What is a NoSQL Query? Querying your NoSQL database is essential in many applications. The codehooks.io NoSQL database use a subset of the popular MongoDB NoSQL query language. NoSQL queries are used in the database API to find and filter data. NoSQL database queries are powerful tools for developing backend application logic.

REST API query

The NoSQL query language can be used directly for REST API queries when you use the 'crudlify' API. Read more about using REST API queries on this page.
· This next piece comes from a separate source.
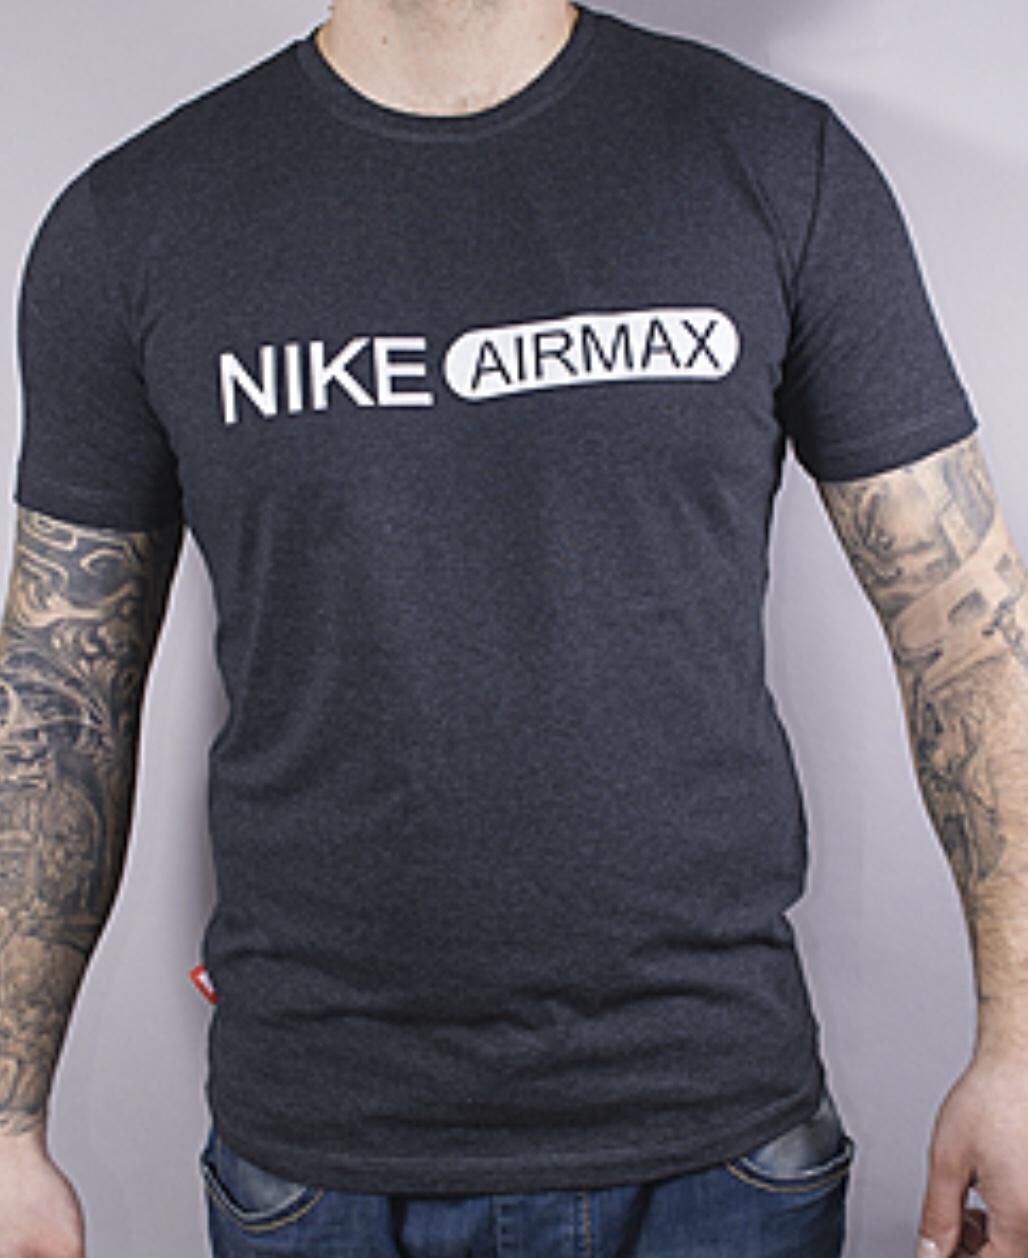 мужская футболка, мужская футболка оптом, мужские футболки

NoSQL Query Example: A Complete Code Example for a Database REST API

The example serverless JavaScript function below shows how to create a REST API that runs a NoSQL query against the database to fetch 100 items from the customers collection where the customer.status equals GOLD.
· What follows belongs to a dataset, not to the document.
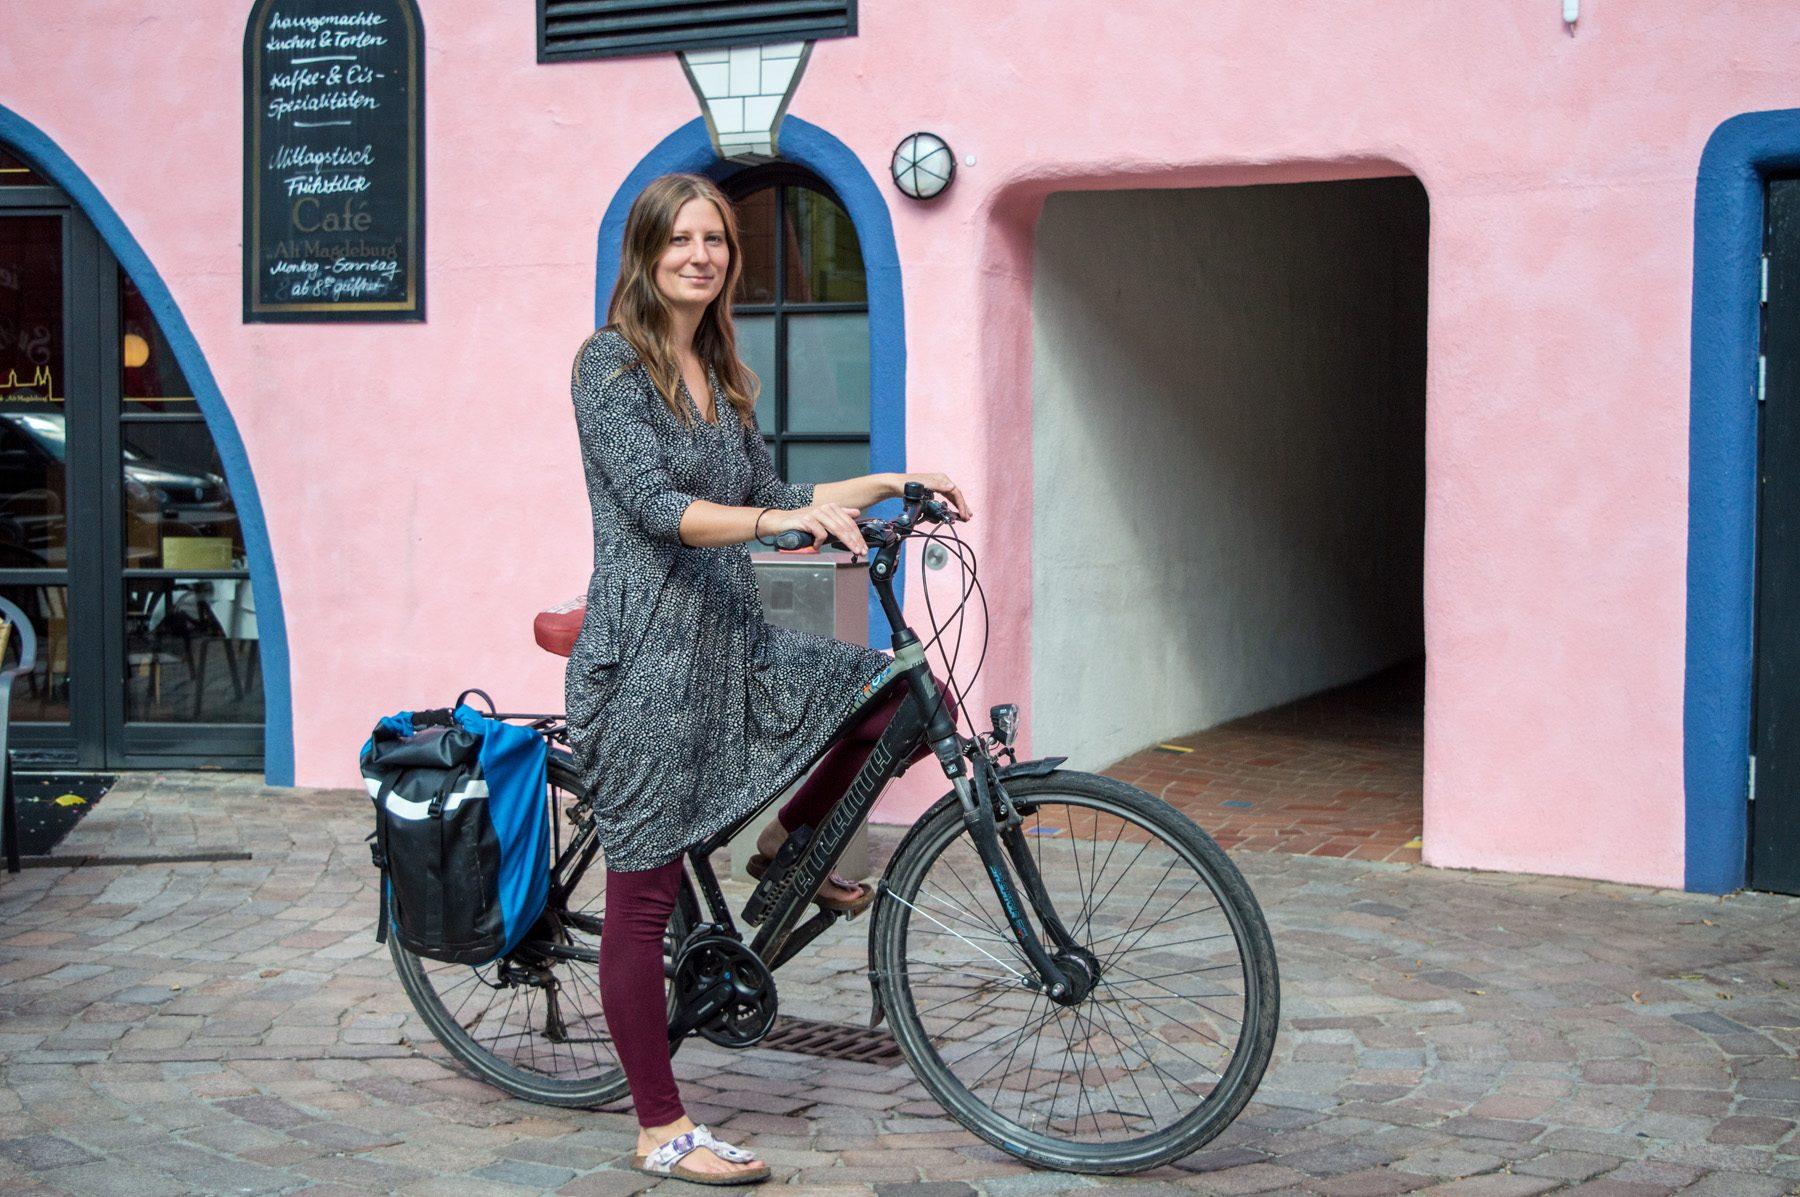 Fahrradportrait Madeleine 25 Fahrradstadt Magazin

import {app, Datastore} from 'codehooks-js'

async function getData(req, res) {
const conn = await Datastore.open();
const query = {"status": "GOLD"};
const options = {
limit:100
}
conn.getMany('customers', query, options).json(res);
}

// Serverless REST API and query route
app.get('/customers', getData);

export default app.init(); // Bind functions to the serverless runtime
note

All query fields are case sensitive.

Filtering data from the database

Filter data using REST API NoSQL Query and logical operators

Filtering are performed using a combination of filters, logical and conditional operators explained below.

Quick overview

OperatorDescriptionExample
fieldMatch a single field value{"field": "value"}
fieldsMatch multiple fields and values{"field1": "value1", "field2": "value2"}
$regexMatch field with a regular expression{"field" : {$regex : "^foo"}}
$startsWithMatch field with start string segment{"field": {"$startsWith": "value"}}
$endssWithMatch field with end string segment{"field": {"$endsWith": "value"}}

Match multiple fields

Multiple fields are matched by name-value pairs in the a query:

const query = {"field1": "value1", "field2": "value2"}

This is actually the same as using the $and operator:

const query = {$and: [{"field1": "value1"}, {"field2": "value2"}]}

Match sub fields

Sub fields are matched by dot.property in the URL query parameter:

const query = {"field1.property": "value1"}

If your sub propery is an array, you must use the $elemMatch operator.

$regex operator

Match a regular expression against field. Optional $options values docs.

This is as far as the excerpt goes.